Respiratory Research Division, Department of Medicine, Royal College of Surgeons in Ireland Education and Research Centre, Beaumont Hospital, Dublin, Ireland.
Int J Nanomedicine. 2013;8:3907-15. doi: 10.2147/IJN.S47551. Epub 2013 Oct 11.
Cystic fibrosis (CF) is an inherited disorder characterized by chronic airway inflammation. microRNAs (miRNAs) are endogenous small RNAs which act on messenger (m) RNA at a post transcriptional level, and there is a growing understanding that altered expression of miRNA is involved in the CF phenotype. Modulation of miRNA by replacement using miRNA mimics (premiRs) presents a new therapeutic paradigm for CF, but effective and safe methods of delivery to the CF epithelium are limiting clinical translation. Herein, polymeric nanoparticles are investigated for delivery of miRNA mimics into CF airway epithelial cells, using miR-126 as a proof-of-concept premiR cargo to determine efficiency. Two polymers, polyethyleneimine (PEI) and chitosan, were used to prepare miRNA nanomedicines, characterized for their size, surface (zeta) potential, and RNA complexation efficiency, and screened for delivery and cytotoxicity in CFBE41o- (human F508del cystic fibrosis transmembrane conductance regulator bronchial epithelial) cells using a novel high content analysis method. RNA extraction was carried out 24 hours post transfection, and miR-126 and TOM1 (target of Myb1) expression (a validated miR-126 target) was assessed. Manufacture was optimized to produce small nanoparticles that effectively complexed miRNA. Using high content analysis, PEI-based nanoparticles were more effective than chitosan-based nanoparticles in facilitating uptake of miRNA into CFBE41o- cells and this was confirmed in miR-126 assays. PEI-premiR-126 nanoparticles at low nitrogen/phosphate (N/P) ratios resulted in significant knockdown of TOM1 in CFBE41o- cells, with the most significant reduction of 66% in TOM1 expression elicited at an N/P ratio of 1:1 while chitosan-based miR-126 nanomedicines failed to facilitate statistically significant knockdown of TOM1 and both nanoparticles appeared relatively nontoxic. miRNA nanomedicine uptake can be qualitatively and quantitatively assessed rapidly by high content analysis and is highly polymer-dependent but, interestingly, there is not a direct correlation between the levels of miRNA uptake and the downstream gene knockdown. Polymeric nanoparticles can deliver premiRs effectively to CFBEs in order to modulate gene expression but must be tailored specifically for miRNA delivery.

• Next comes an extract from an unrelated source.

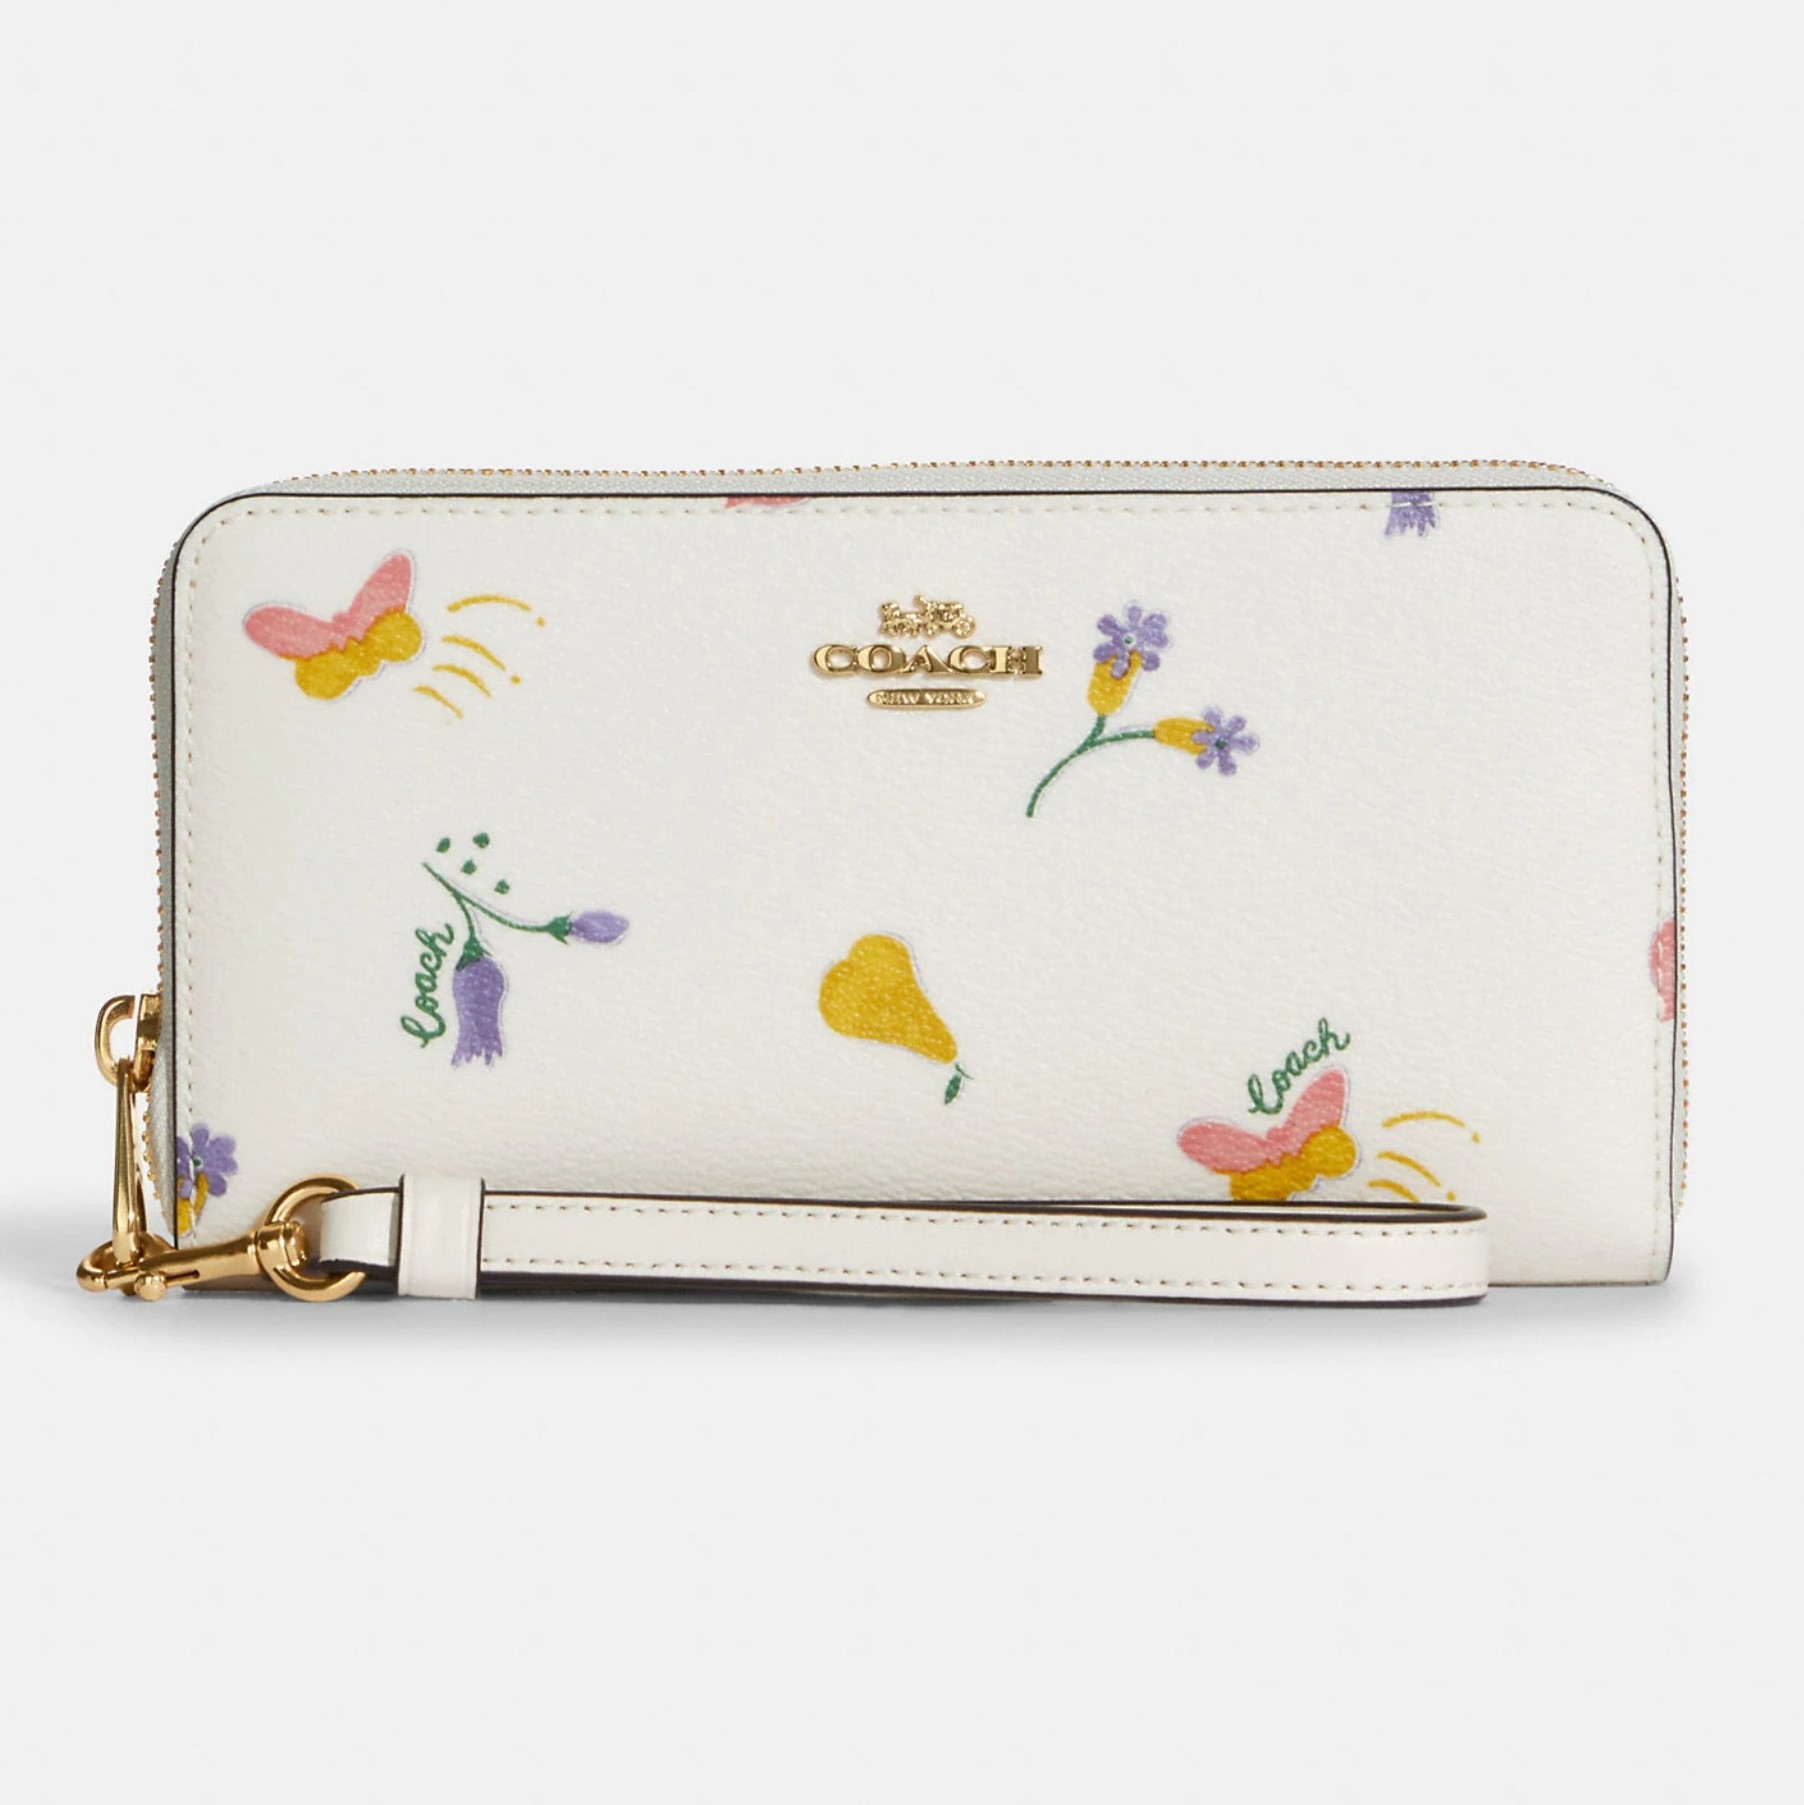 VÍ COACH LONG ZIP AROUND WALLET WITH DREAMY VEGGIE PRINT 3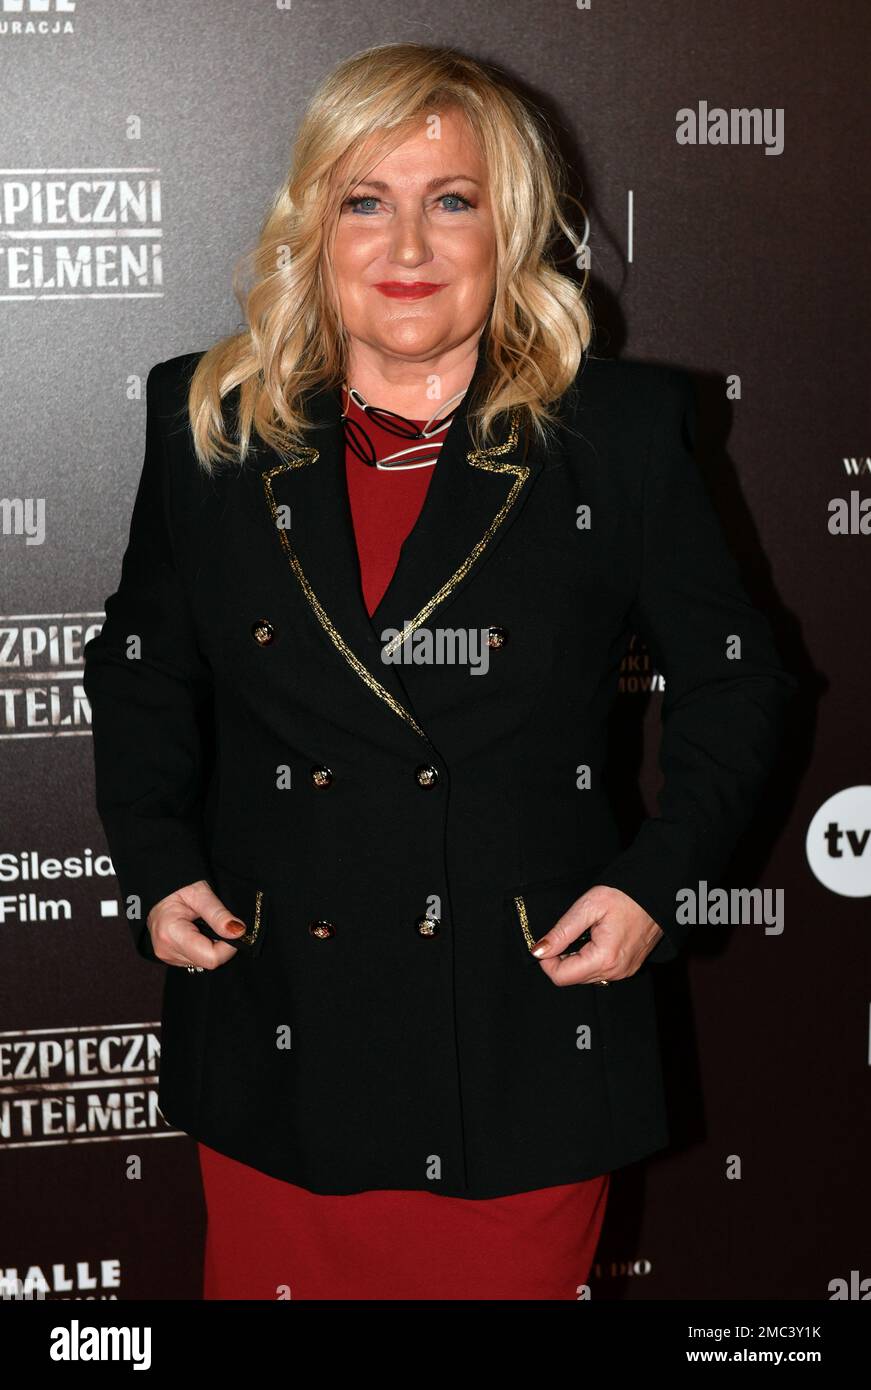 Singer Marlena Drozdowska attends the ceremonial premiere of the film 'Dangerous Gentlemen' directed by Marcin Kawalski took place at Cinema City in Warsaw. Stock Photo

囊性纤维化 (CF) 是一种遗传性疾病,其特征为慢性气道炎症。微小 RNA (miRNA) 是一种内源性的小分子 RNA,可在信使 (m) RNA 的转录后水平上发挥作用,越来越多的研究表明 miRNA 的表达改变与 CF 表型有关。使用 miRNA 模拟物 (premiRs) 对 miRNA 进行调节为 CF 提供了一种新的治疗范例,但将其递送到 CF 上皮的有效和安全方法限制了临床转化。本文研究了聚合物纳米粒子在 CF 气道上皮细胞中递送 miRNA 模拟物的作用,使用 miR-126 作为证明概念的 premiR 货物来确定效率。使用聚乙烯亚胺 (PEI) 和壳聚糖两种聚合物来制备 miRNA 纳米药物,对其粒径、表面 (zeta) 电位和 RNA 复合效率进行了表征,并使用新型高内涵分析方法筛选 CFBE41o- (人 F508del 囊性纤维化跨膜电导调节子支气管上皮) 细胞中的递送和细胞毒性。转染后 24 小时提取 RNA,并评估 miR-126 和 TOM1(Myb1 靶标)的表达(miR-126 的验证靶标)。通过优化制造工艺,生产出能有效复合 miRNA 的小纳米颗粒。使用高内涵分析,PEI 基纳米颗粒比壳聚糖基纳米颗粒更有效地促进 CFBE41o-细胞摄取 miRNA,在 miR-126 测定中得到了证实。在低氮/磷 (N/P) 比下,PEI-premiR-126 纳米颗粒可显著降低 CFBE41o-细胞中的 TOM1 表达,在 N/P 比为 1:1 时,TOM1 表达的降低最为显著,达到 66%,而壳聚糖基 miR-126 纳米药物则未能显著降低 TOM1 的表达,两种纳米颗粒的细胞毒性都相对较低。高内涵分析可快速定性和定量评估 miRNA 纳米药物的摄取情况,高度依赖于聚合物,但有趣的是,miRNA 摄取水平与下游基因敲低之间没有直接的相关性。聚合物纳米颗粒可以有效地将 premiRs 递送到 CFBE 中以调节基因表达,但必须针对 miRNA 递送来进行专门设计。